Thanks for flagging. I am seeing the same thing (thought=None), not only with the generate_content_stream but with the generate_content also. One thing mentioned in this doc is that it’s not guaranteed but let me follow up with the internal team on this.
Tried changing options, on v1beta, fishing for parameters… nothing. I don’t know how to get the CoT back, and I was reading it to get assurance about the quality of the output. It’s my fav model otherwise.
Moving forward, our team has made a decision to only show thoughts in Google AI Studio. Meaning, we no longer return thoughts via the Gemini API. Here is the updated doc to reflect that.

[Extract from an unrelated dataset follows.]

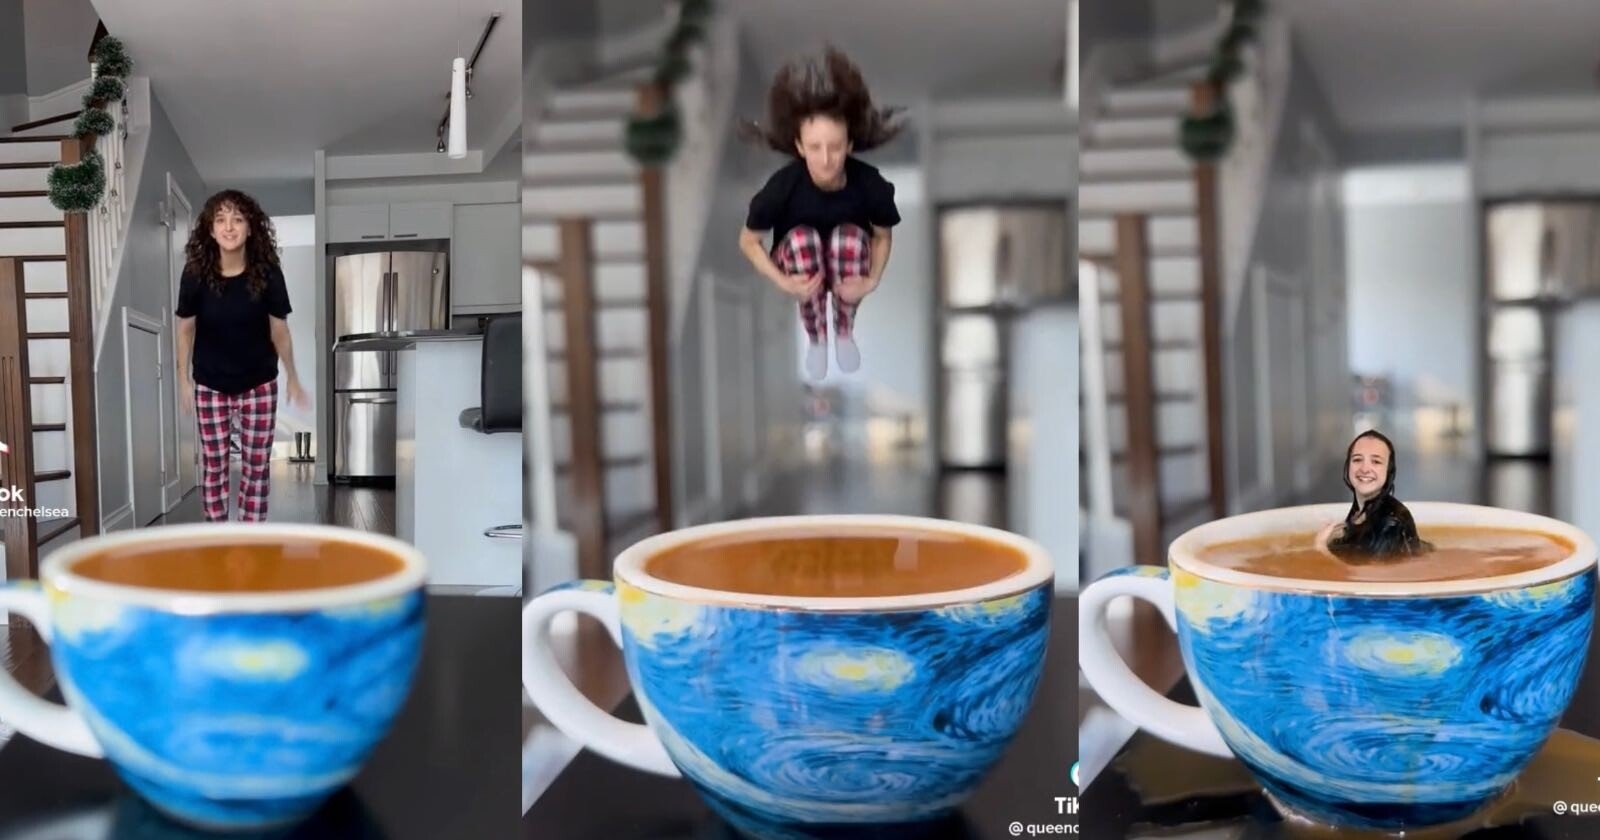 Artist Jumps into Her Morning Coffee in Mind-Bending Video

Correct, the reasoning / thinking is still happening when you use the thinking model via the API, it is just not showing the thoughts in the response anymore.
Yeah, I believe this will be the case moving forward.
That’s unfortunate to say the least… it was extremely useful for developers to have access to thoughts without relying on the studio. I guess that’s just the nature of using these experimental/preview models since they may be subject to change at any moment.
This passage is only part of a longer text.